Так и началась эта замечательная история в письмах. Мари вернулась в Париж лишь через несколько месяцев. Ей зачем-то вздумалось заехать в Брюссель, а затем и в Амстердам. Приехав, она сразу же велела принести ей всю корреспонденцию и, быстро осмотрев пачку писем, выбрала письмо от Михаила Аркадьевича, вскрыла его и жадно прочитала. После чего сразу же написала ответ, где подробнейшим образом описала свое путешествие по Европе, а также то, чем она занимается в Париже. Умолчала она только об одном. А именно, что раз в неделю, иногда и чаще в дом к Мари приходит молодой маркиз, которого она принимает в своей спальне и к середине этих встреч маркиз и Мари всегда становятся совершенно раздетыми. Потом писем стало много. В каждом из них они описывали друг другу все события, происходящие в их жизни, от одного отправленного письма до другого. Письма эти были ужасно скучные, события, описываемые в них – страшно однообразными. Однако и князь, и Мари всегда очень ждали этих писем и с жадностью их читали. Князь даже было один раз, собрался уже поехать в Париж, но разразившаяся в Европе война или слухи о том, что эта война вот-вот разразится, смешали все его планы и он не поехал. Мари же зачем-то поплыла на пароходе в Северную Америку и пробыла там где-то полгода. Вернувшись в Париж, она тут же написала письмо Михаилу Аркадьевичу с описанием тех событий, что произошли с ней в Америке. Через какое-то время ей приходит письмо от управляющего имением, где тот пишет, что Михаил Аркадьевич скончались такого-то и такого-то числа и похоронены там-то и там-то. А еще он переслал письмо князя, которое тот написал незадолго до своей смерти. Вот что было написано в этом письме.

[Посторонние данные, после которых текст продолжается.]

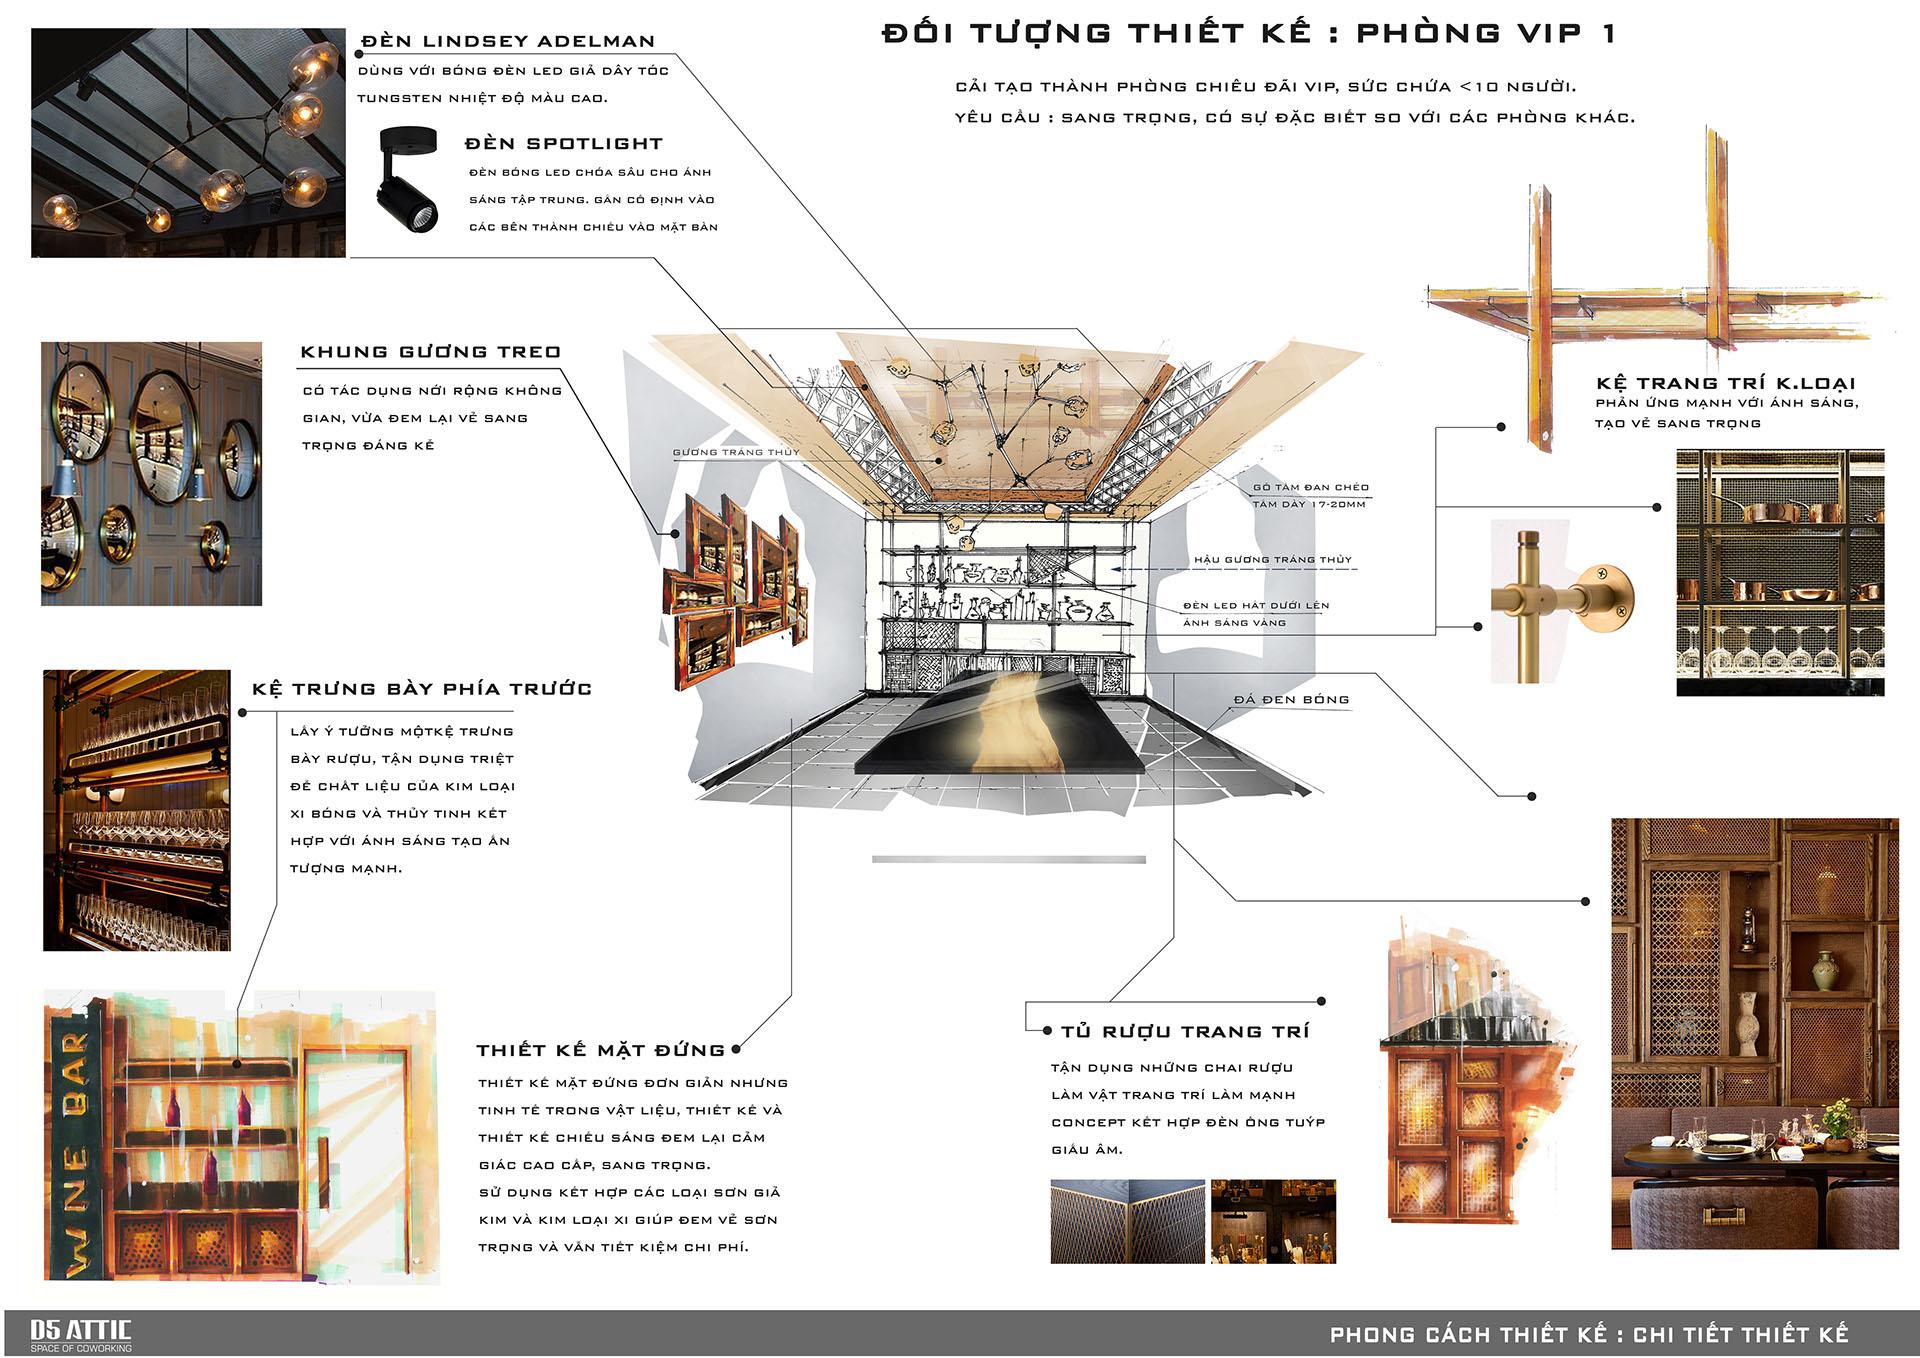 thiết kế nội thất Nhà Hàng tại Hồ Chí Minh Thiết Kế Nhà Hàng Ngọc Sương Bến Thuyền - Phú Nhuận 16 1534748431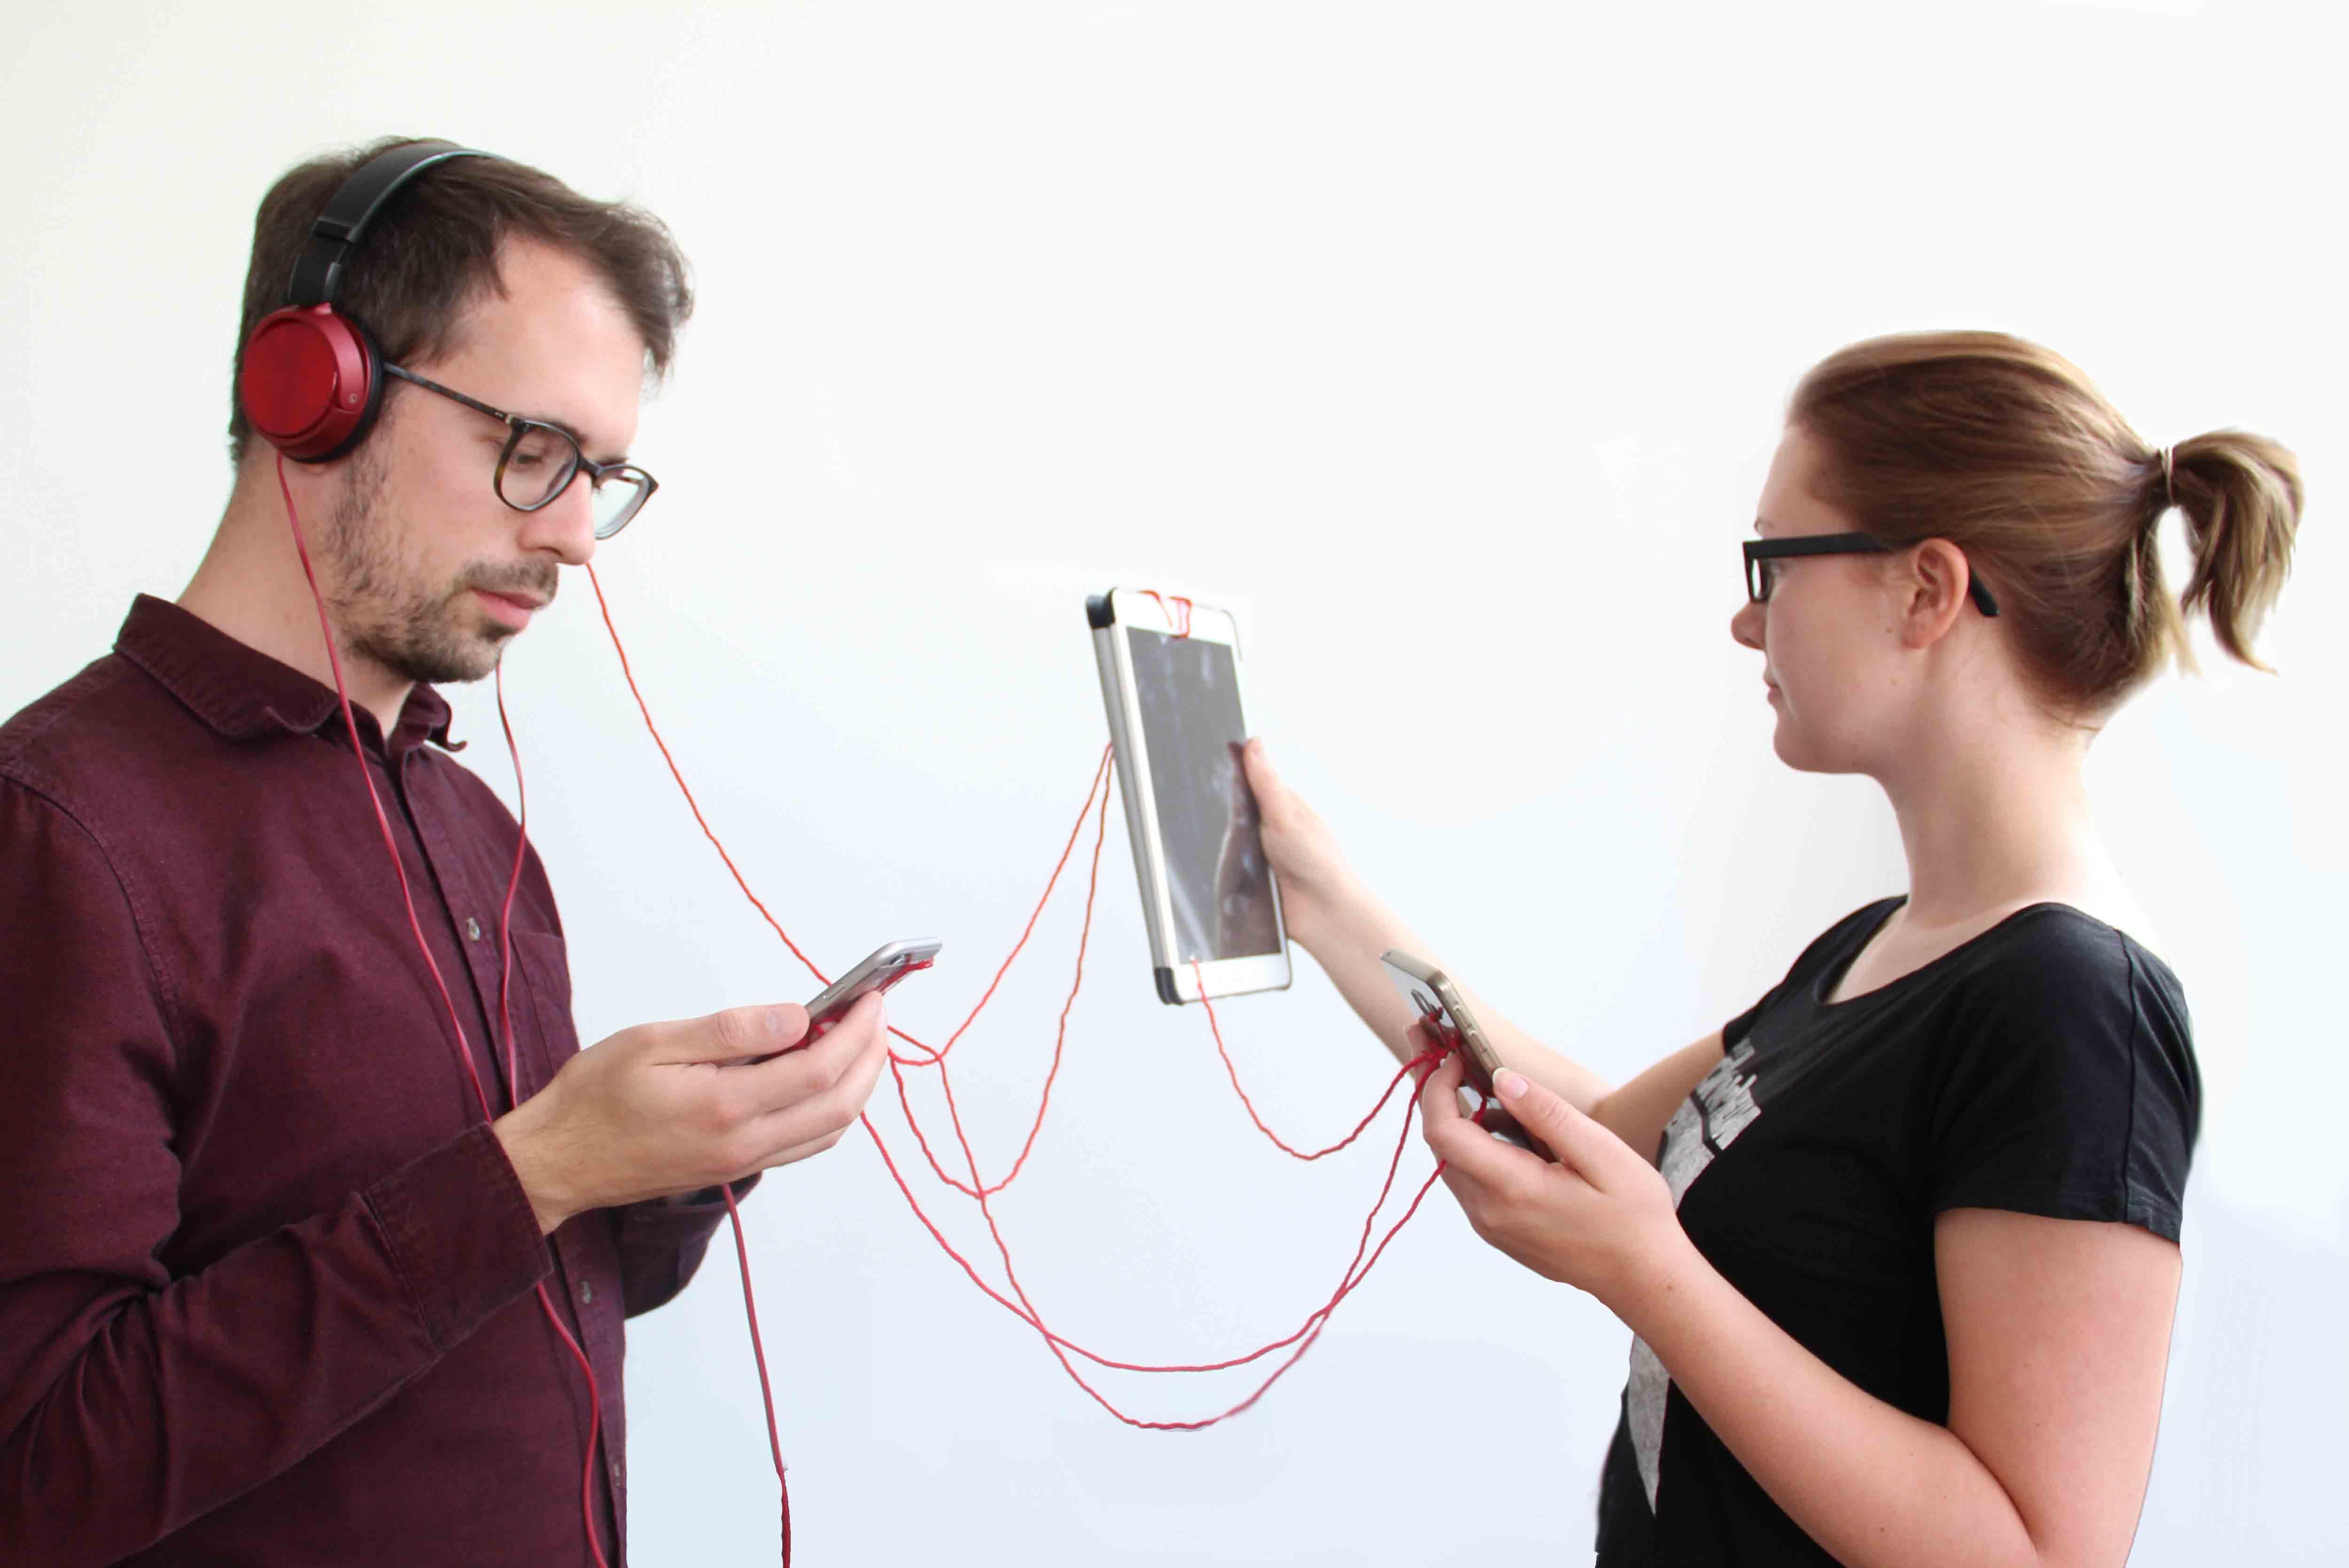 Zwei Menschen sind mit mehreren Geräten mit einem roten Faden verbunden.

«Милая моя драгоценная любимая Мари. Вот уже прошло три года с того самого времени, как мы познакомились на балу у Трубецких. И вот три года меня преследует это видение – наш с тобой вальс, запах твоих волос, прикосновение твоих рук. Три года я перечитываю твои письма и храню их, как величайшие драгоценности Вселенной. И я хочу сказать тебе о том, как безмерно, как глубоко я любил тебя все эти годы. Я не мог тебе признаться в этом ранее…». Здесь письмо обрывалось, и на бумаге красовалась неровная черта и клякса.
Мари сидела неподвижно целый час. Потом послала за маркизом. Но, не дождавшись маркиза, умерла. Доктор после вскрытия, поставил диагноз – разрыв аорты.
Последнее, что видела Мари перед смертью – она и князь танцуют вальс, вальс, вальс…
Съемки порнофильма. Сцена первая. Филиокве.
– Ну, это вообще хуйня какая-то, а не рассказ.
– Почему? Обоснуй. К чему эти необоснованные оскорбления?
– Обосновываю. Рассказ написан современным графоманом, который неумело пытается стилизовать этот никчемный рассказик под середину или конец девятнадцатого века. Пытается написать в стиле реализма. А зачем современному постмодернистскому писателю это нужно? Никогда не задавал себе вопрос?
– Не будь так строг. Автор просто перенес некий случай или эпизод, а возможно некий кусок своей жизни в этот рассказ. Там, скорее всего, некий очень неудачный любовный эпизод в жизни автора, вполне возможно, что даже несколько драматический. Возможно, ему категорически отказали. Или, возможно, он не так все понял и подумал, что ему категорически отказали. И, таким образом, трагически, в виде этого выдуманного рассказа, он решил поставить точку в этом своем жизненном эпизоде, но, наверное, у него это не очень хорошо получилось. Но концовка же, все ж гениальная, согласись. Последнее, что видела Мари перед смертью – она и князь танцуют вальс, вальс, вальс…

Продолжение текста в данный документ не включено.